By March 2021, according to a survey by Turner, nearly 1,500 U.S. businesses were pitching the suspect treatments at more than 2,700 clinics, reflecting a torrent of openings since 2016, when Turner and Knoepfler jointly started tracking the field.
“More than four times as many businesses than were identified five years ago are selling stem cell products that are not FDA-approved and lack convincing evidence of safety and efficacy,” Turner wrote last year.
Some clinics have charged customers more than $10,000 for the unproven treatments, plying the customers with unsupported claims of medical success. The fees are seldom, if ever, covered by health insurance. Some treatments resulted in serious medical complications.
The FDA also has warned the public that “some patients seeking cures and remedies are vulnerable to stem cell treatments that are illegal and potentially harmful.”
The FDA has approved stem cell treatments only for disorders of the blood-producing, or hematopoietic, system. No other stem cell treatment claims have been scientifically validated, the agency says.
“Stem cells have been called everything from cure-alls to miracle treatments,” the agency says in its public warning. “But don’t believe the hype.”
Bernal’s ruling conflicts with a 2019 decision by U.S. District Judge Ursula Ungaro of Miami, who ordered a Florida clinic shut down after the FDA asserted that its purported stem cell therapies were scientifically unproven and illegal.

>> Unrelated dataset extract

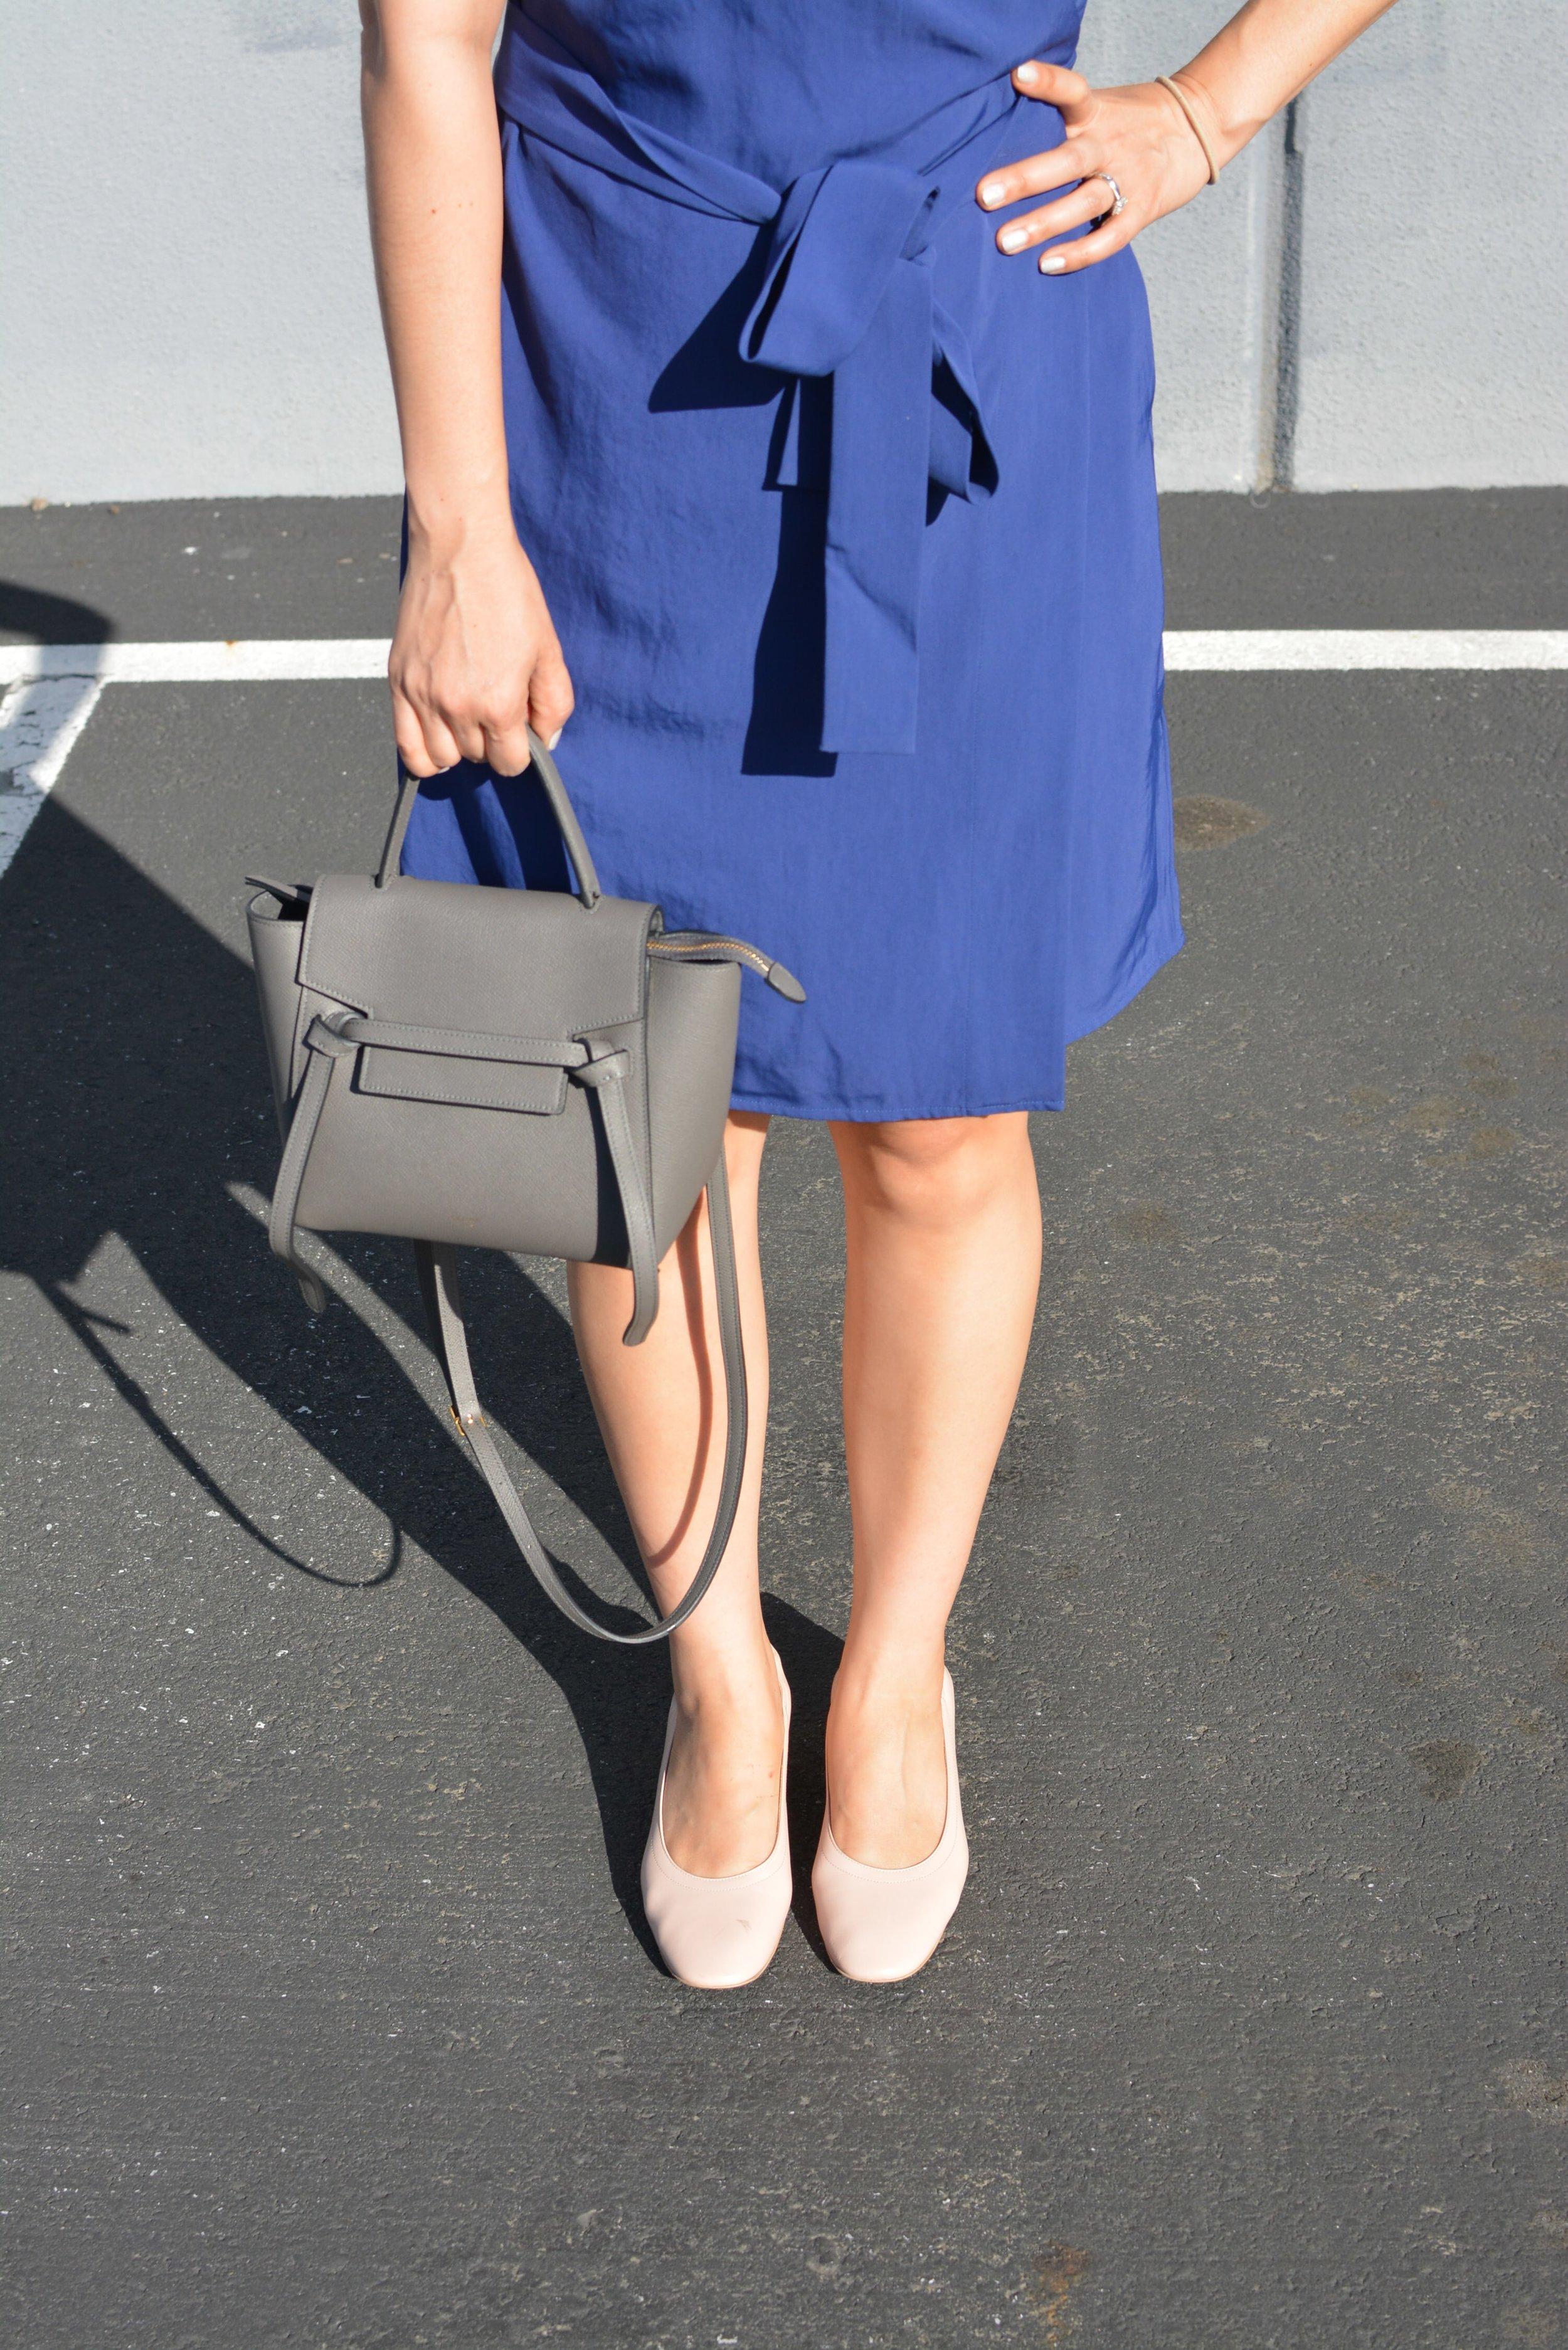 Celine Nano Belt Bag Review (1 of 1)-2-min.jpg

Ungaro’s decision was upheld last year by the 11th Circuit U.S. Court of Appeals, which found that the clinic’s claim of exemption from FDA regulation on grounds similar to those claimed by the California center, didn’t apply. “No reasonable fact-finder could disagree,” the three-judge appellate panel ruled.
As it happens, in its finding the appellate panel specifically rejected an earlier ruling by Bernal, in which he denied the FDA’s request for a preliminary injunction against the California center and set the case for trial. The appellate ruling isn’t binding precedent for federal courts outside the 11th Circuit, which covers parts of the Southeast.
The FDA’s lawsuits against the Florida clinic and the California center were almost identical and filed on the same day, May 9, 2018. In both cases, the agency asserted that the clinics were in effect purveying illegal drugs as defined by federal law.
The lawsuits were part of an agency effort to clamp down on the burgeoning trade in stem cell-related therapies. The California lawsuit named the center’s founders, Elliott Lander and Mark Berman, as defendants. Berman died in April
The California Stem Cell Treatment Center has operated clinics in Beverly Hills and Rancho Mirage, and provides treatment protocols and other assistance to other clinics around the country.
In its Florida and California lawsuits, the FDA targeted a widespread practice utilized by both clinics in which fat cells are extracted from a customer by liposuction. The extraction is treated to produce a fluid purportedly rich in stem cells known as a “stromal vascular fraction” or SVF, which is injected back into the same subject.
Both sets of defendants asserted in their defense that their activities qualified for exceptions from FDA drug regulations afforded to surgical procedures involving the use of a patient’s own tissues as well as the use of “minimally manipulated” tissues. The agency’s position is that the fat extractions are so heavily treated before the reinjections that the treatments fall outside those exceptions.
In his ruling, Bernal drew extensively and verbatim from California Stem Cell Treatment Center’s proposed findings of facts and scarcely at all from the FDA’s proposal. His ruling incorporated several scientific errors, according to Knoepfler.
For example, Bernal accepted the center’s assertion that “unlike manufactured drugs, the SVF Surgical Procedure does not create any cellular or tissue-based product that did not previously exist within the patient.”
In fact, Knoepler says, “there is no equivalent of SVF already in the body.”